Yes, but at least you have some entries to be zero...:) –  Nana Jun 25 '11 at 7:17
    
The "negation" bit actually applies to a wider class of unit triangular matrices. In particular, Gauss transforms, which are triangular modifications of the identity that have possibly nonzero entries in only one column and above (or below) the $1$, can be inverted by flipping the signs. –  J. M. Sep 2 '11 at 16:48

Ziyuang's answer handles the cases, where $N^2=0$, but it can be generalized as follows.

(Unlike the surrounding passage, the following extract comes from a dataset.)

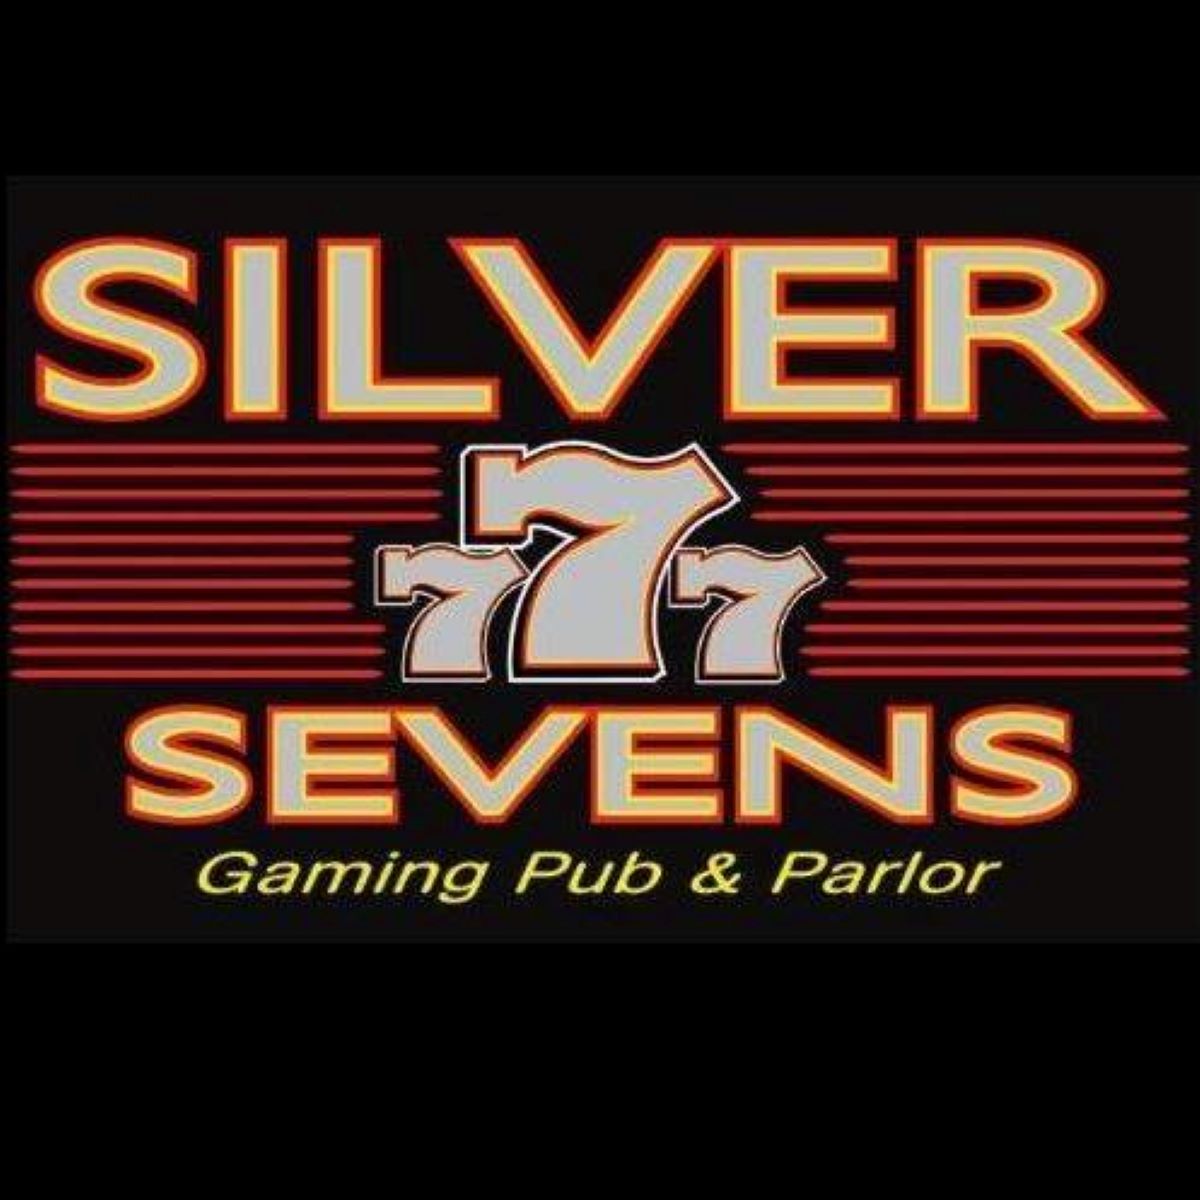 Silver Sevens Gaming Pub & Parlor

A triangular $n\times n$ matrix $T$ with 1s on the diagonal can be written in the form $T=I+N$. Here $N$ is the strictly triangular part (with zeros on the diagonal), and it always satisfies the relation $N^{n}=0$. Therefore we can use the polynomial factorization $1-x^n=(1-x)(1+x+x^2+\cdots +x^{n-1})$ with $x=-N$ to get the matrix relation $$ (I+N)(I-N+N^2-N^3+\cdot+(-1)^{n-1})=(I-N^n)=I $$ telling us that $(I+N)^{-1}=I+\sum_{k=1}^{n-1}(-1)^kN^k$.

Yet another way of looking at this is to notice that it also is an instance of a geometric series $1+q+q^2+q^3+\cdots =1/(1-q)$ with $q=-N$. The series converges for the unusual reason that powers of $q$ are all zero from some point on. The same formula can be used to good effect elsewhere in algebra, too. For example, in a residue class ring like $\mathbf{Z}/2^n\mathbf{Z}$ all the even numbers are nilpotent, so computing the modular inverse of an odd number can be done with this formula.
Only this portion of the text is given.